When I first saw one of these it was love at first sight. The normal "pineapple" ukes had not been something I was too interested in, but this looked great to me. Everything on it contributed to what I consider a "true" pineapple look. It has the pointy headstock. The bridge has a spiky appearance. The upper bout has a pointy shape. And of course, its top is debossed with a pineapple pattern. The ukulele just looked great to me. I had also read many testimonies from various internet forums regarding this ukulele. In just about every instance, it was held in very high regard. So I knew it was a great sounding ukulele as well.

At around June of 2007, I decided to pull the trigger on one of these babies. At the time, the Pineapple Sunday was close to be retired, as KoAloha had planned to offer a new "Masterpiece Series" ukulele soon. (they have since brought it out of retirement due to great demand) I thought if I wanted one I had better act soon. So I found one from Hawaii Music Supply.

I had very high expectations for this ukulele at the time, and I was more than satisfied with it upon receiving it. It looked as good as the pictures indicated. And it played and sounded much better than anything I had experienced at the time (admittedly I was only about half a year into ukuleles and the best uke I have a the time was a G-String soprano). It was my first venture into the high-end of ukulele world, and I was blown away.

So what do I think of it now, about a year and a half after acquiring the Pineapple Sunday? I still think it is a marvelous ukulele. It remains the easiest player in my collection, with action lower than both the William King and Koa Works tenor. (this is not a given on Pineapple Sundays though. I played one in Hawaii in January, 2008 that had almost unplayable action) Because it is strung with Worth BL (light) strings, the string tension is pretty light. Coupled with the low action, it is really easy to play. The Pineapple shape also works very well. It is easy to hold, and the upper bout is essentially like a cutaway, so access to the higher frets is very easy. It is quite neck heavy though, since it is more or less a super concert sized uke with a pretty heavy headstock that has sealed Grover tuners. Some might not like the neck-heaviness of this uke. I personally don't have an issue with it, but I do notice it each time I play the uke.

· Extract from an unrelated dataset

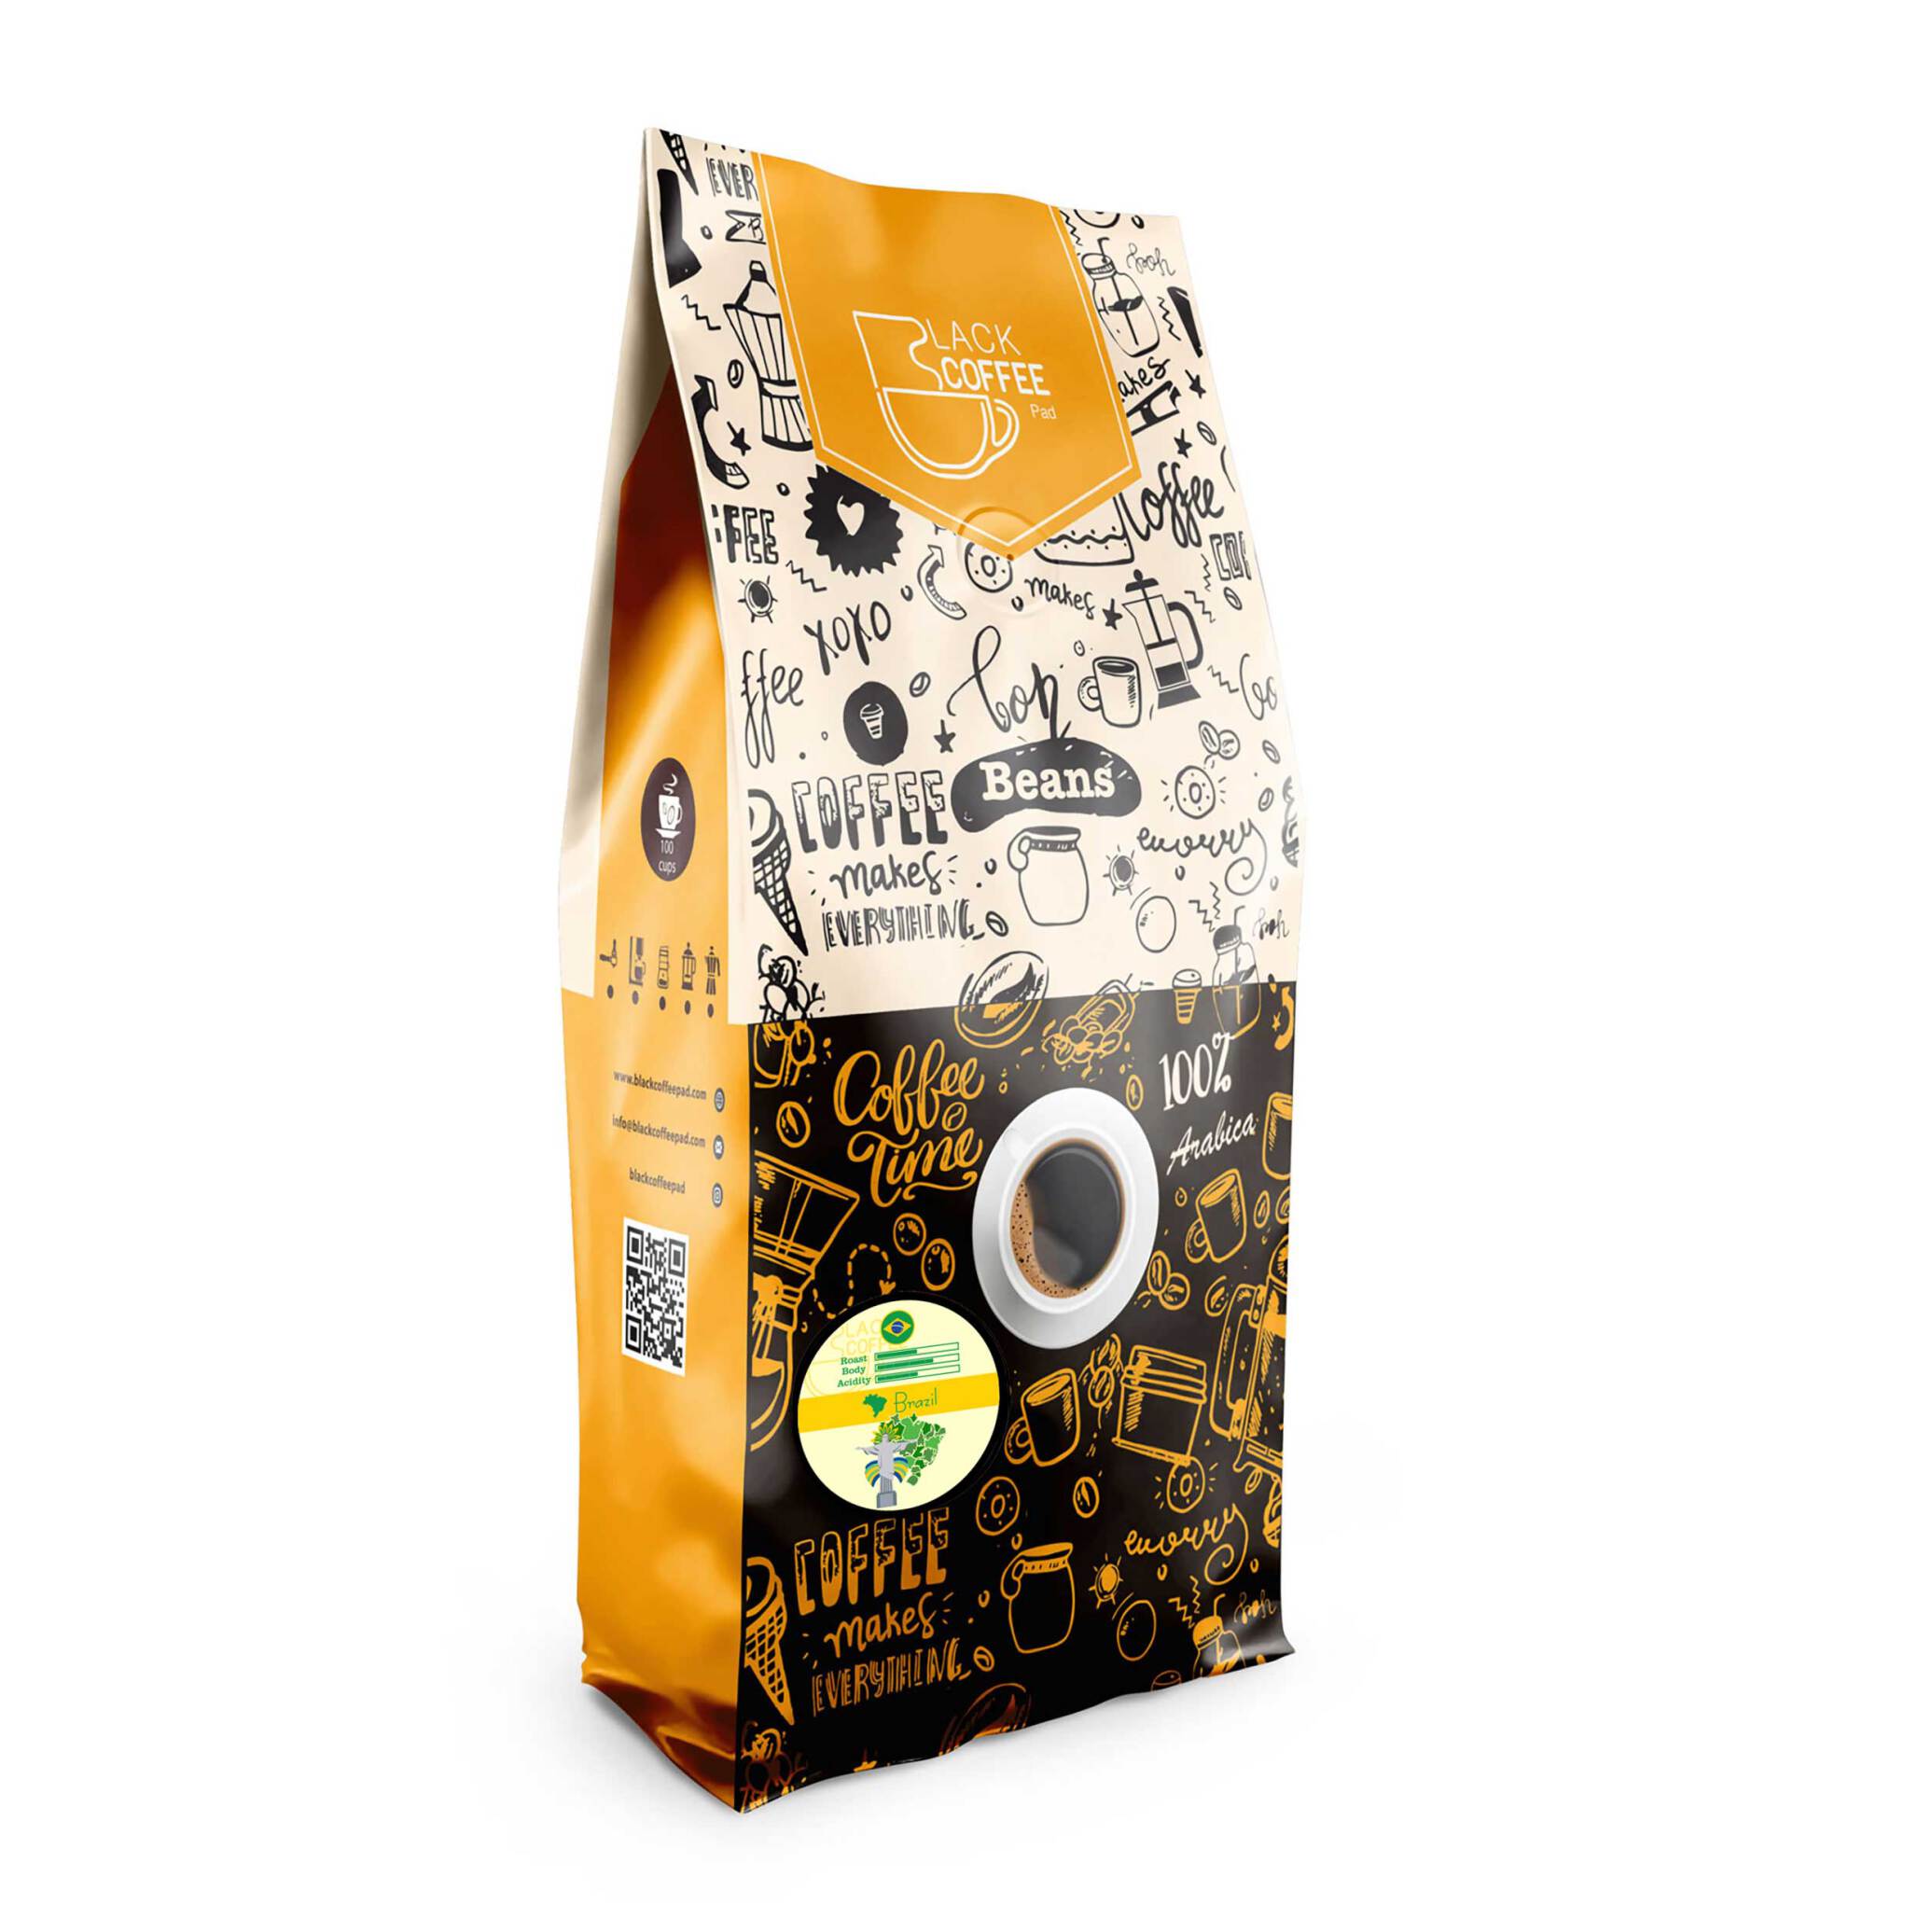  دانه قهوه برزیل | Brasil coffee beans | دانه قهوه | خرید دانه | بلک کافی

Sound-wise, I would describe it as a mix of ukulele, mandolin, and a pinch of resonator uke. It is higher pitched sounding than most ukes and has excellent volume. I've come to prefer a more percussive and boomy sound produced by bigger bodied tenors such as the William King tenor and Kanile'a super tenor, but the sound of the Pineapple Sunday is still first rate and definitely very unique.

I think my Pineapple Sunday is probably from the middle or end of the first run of these ukes before its first "retirement". It has a Pineapple Sunday specific soundhole label and Tusq nut and saddle where the early ones have a standard KoAloha soundhole label and ebony nut and saddle. Current production Pineapple Sundays have a few different details. It now has a rectangular bridge with ebony reinforcement instead of the spiked all koa bridge mine has. I believe it's due to the problem of strings cutting into the softer koa on too many of these ukes. Mine also had this problem but the cut was not too deep into the wood and I have since made some "grommets" from old credit card to to prevent the strings from digging into the wood (you can see in the above picture). I think the old version of this bridge looks much cooler, but I guess KoAloha had to do something to stop the "bridge cutting" complaints. The other updated detail seems to be koa bindings on the fretboard instead of ebony bindings. I personally think the ebony bindings look a bit more classy. I suppose KoAloha is trying to find way to maximize their koa stock, and I can't blame them in this economy.

All in all, the Pineapple Sunday is a very good and very unique ukulele. It plays and sounds great and probably has a lot of collector's value down the road. If you enjoy a higher pitched sound from your ukulele and like the styling of this uke, I would highly recommend it.